Positive externalities

Positive spill over benefits for third parties resulting in a free rider effect. For example, when one person receives a vaccination there is a great free rider effect, since people who did not get a vaccination are now less likely to get the disease

Free market economy

Private individuals own the factors of production and the 3 basic questions are answered by market forces.

Tax incidence

Refers to how the burden of paying the tax was shared between consumers and producers. Did consumers pay more of the tax, or did producers?

Demand curve

Slopes downwards, slope is determined by elasticity. The curve is determined by, income, tastes/styles/preferences, prices of related goods, and demographic changes.

Supply curve

Slopes upwards, slope is determined by elasticity. The curve is determined by resource prices, prices of related goods, technology & productivity, number of sellers and taxes & subsidies.

Economics

Study of how society allocates its scarce resources to best satisfy its unlimited needs and wants

Indirect tax

Taxes levied on expenditure, sales tax on products, excise tax on overproduced goods such as cigarettes. May be ad valoren or flat.

Entrepreneurship

The activity that individuals undertake when they organize resources into a system of production.

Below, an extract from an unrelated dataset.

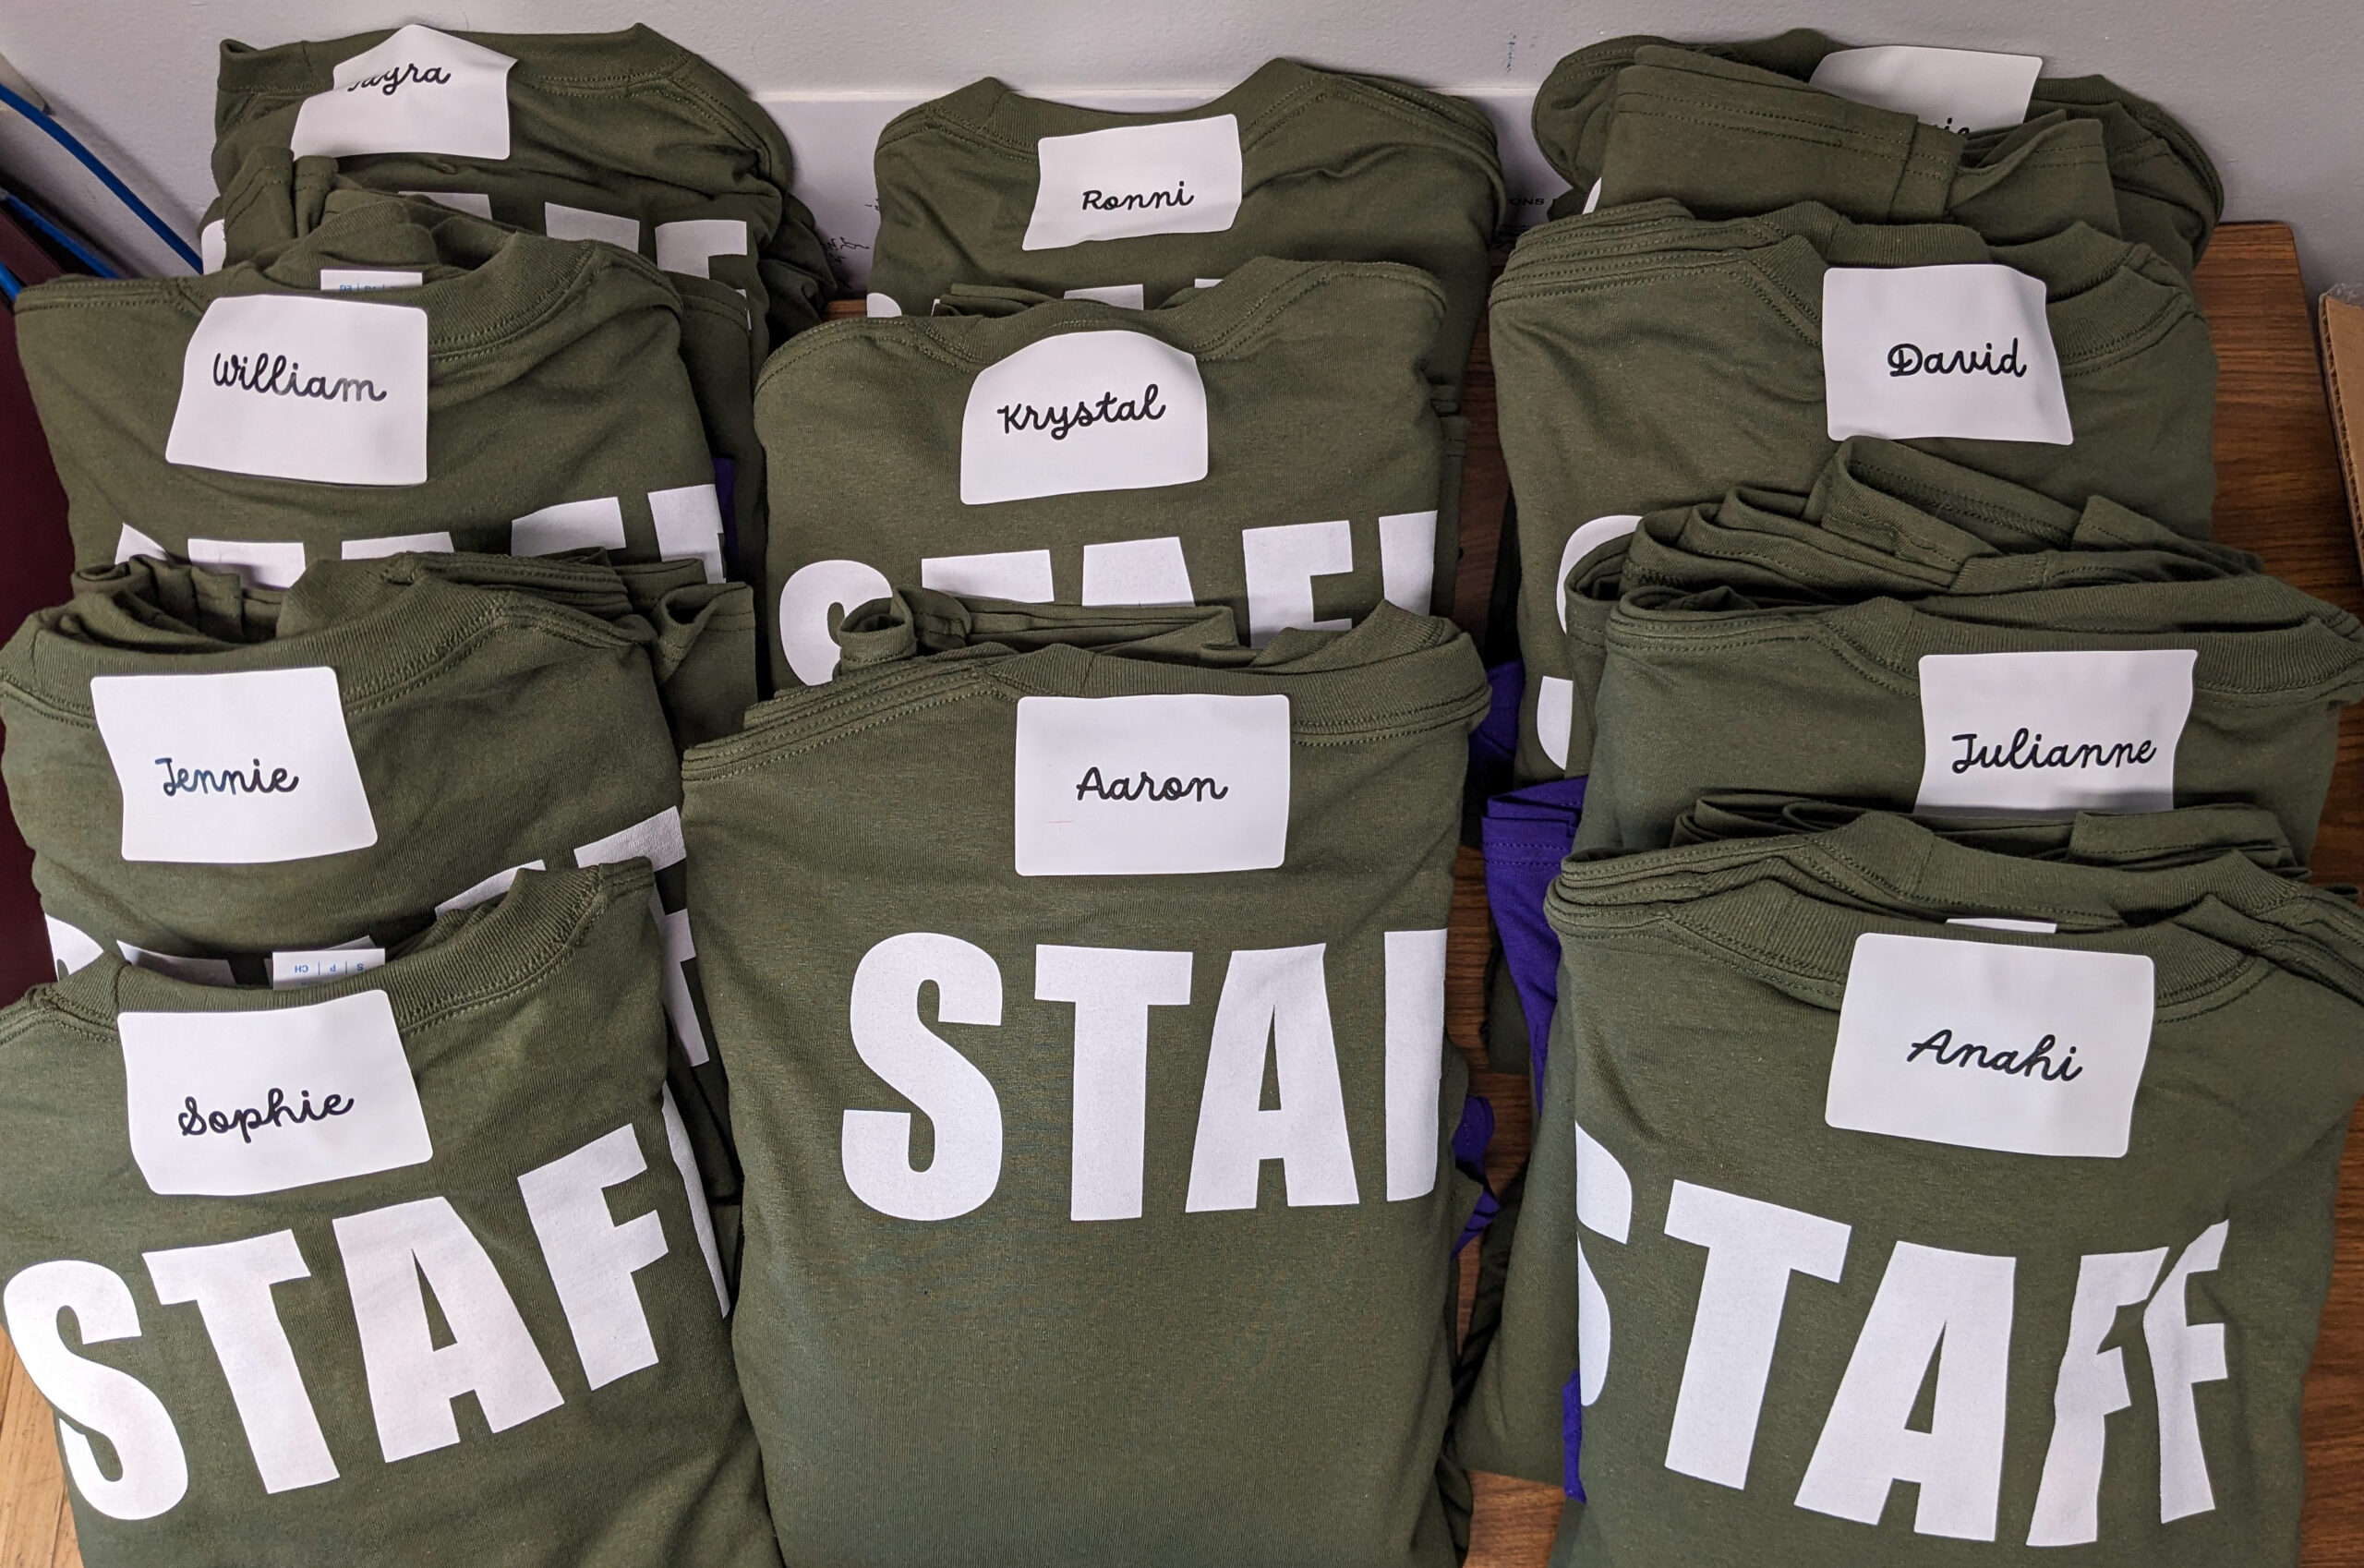 Green shirts for student Staff are labeled with interns' names.

It involves risk since they have to pay of their costs of production before earning revenue from sales. The entrepreneur is payed in normal profit.

Actual output

The actual level of output.

Scarcity

The basic economic problem that arises because people have unlimited wants but resources are limited.

Planned (command) economy

The central authority (government) owns the factors of production and answers the 3 basic questions.

Producer surplus

The difference between the minimum price at which a producer is willing to sell, and the actual price at which it is sold.

Equilibrium price

The price where supply and demand intersect.

Elastic demand

When PED is greater than 1, a change in price will lead to a proportionally greater change in quantity demanded

Inelastic demand

When PED is less than 1, a change in price will lead to a proportionally smaller change in quantity demanded

Asymmetric information

When one party in an economic exchange has imperfect information about the product or the other party, resulting in the exchange not taking place and the market failure of underproduction. Eg restaurants, government give health and safety rating. From sellers perspective, insurance.

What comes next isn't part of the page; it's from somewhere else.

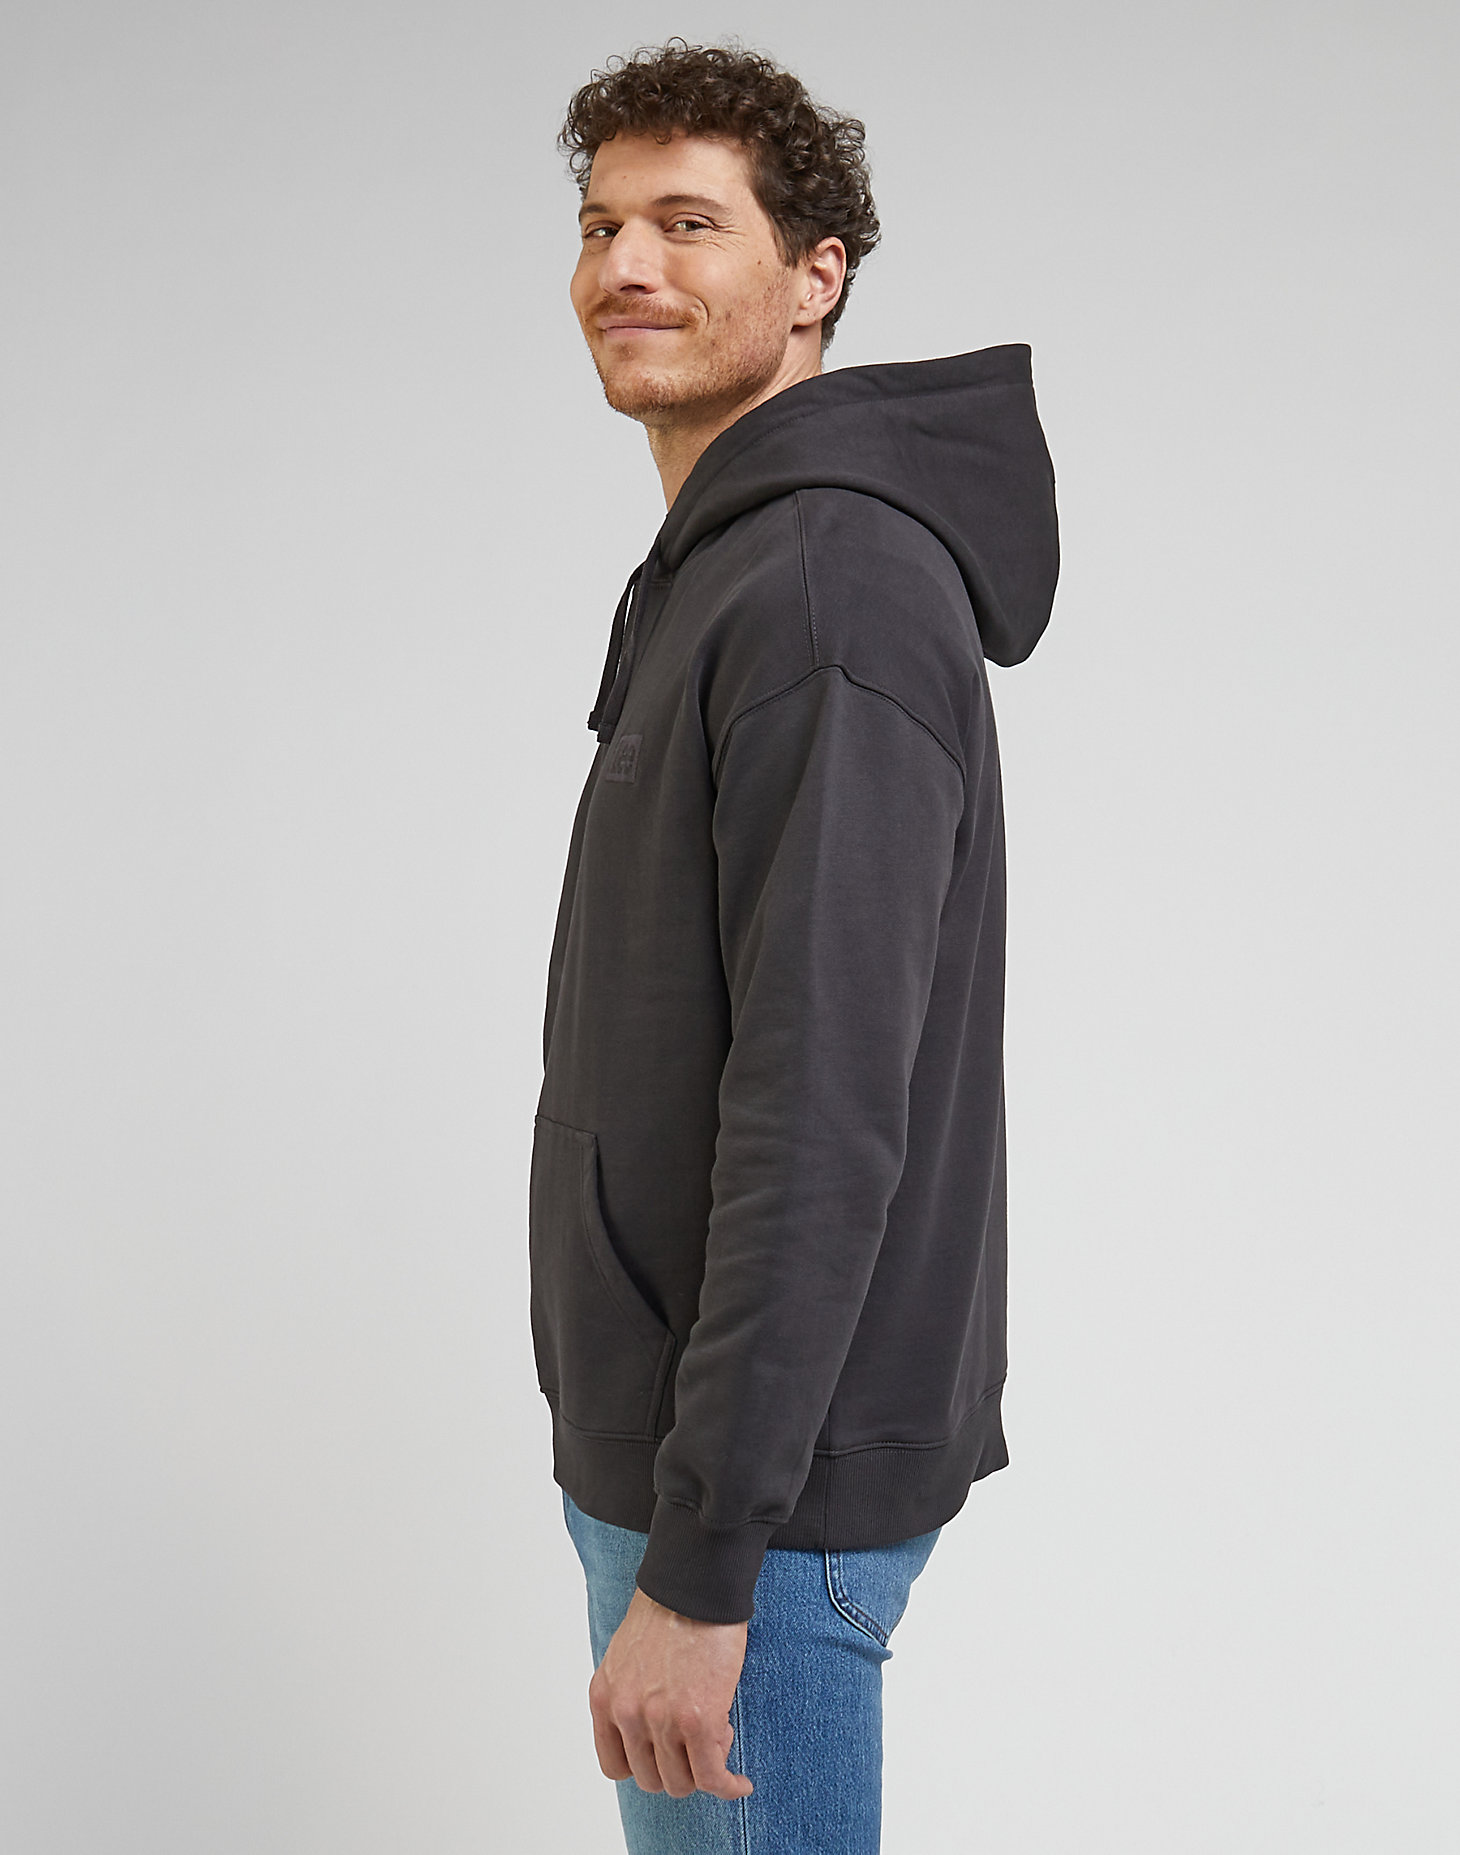 Core Loose Hoodie in Washed Black alternative view 3

Welfare loss (and unrealized potential welfare gain)

When the community surplus is not being maximized. Lost community surplus is welfare loss. Basically welfare loss is the opportunity cost of producing too much of a product whilst unrealized potential welfare gain is the opportunity cost of not producing a product.

Market failure

When the free market fails to produce the socially optimum level of output in a particular industry.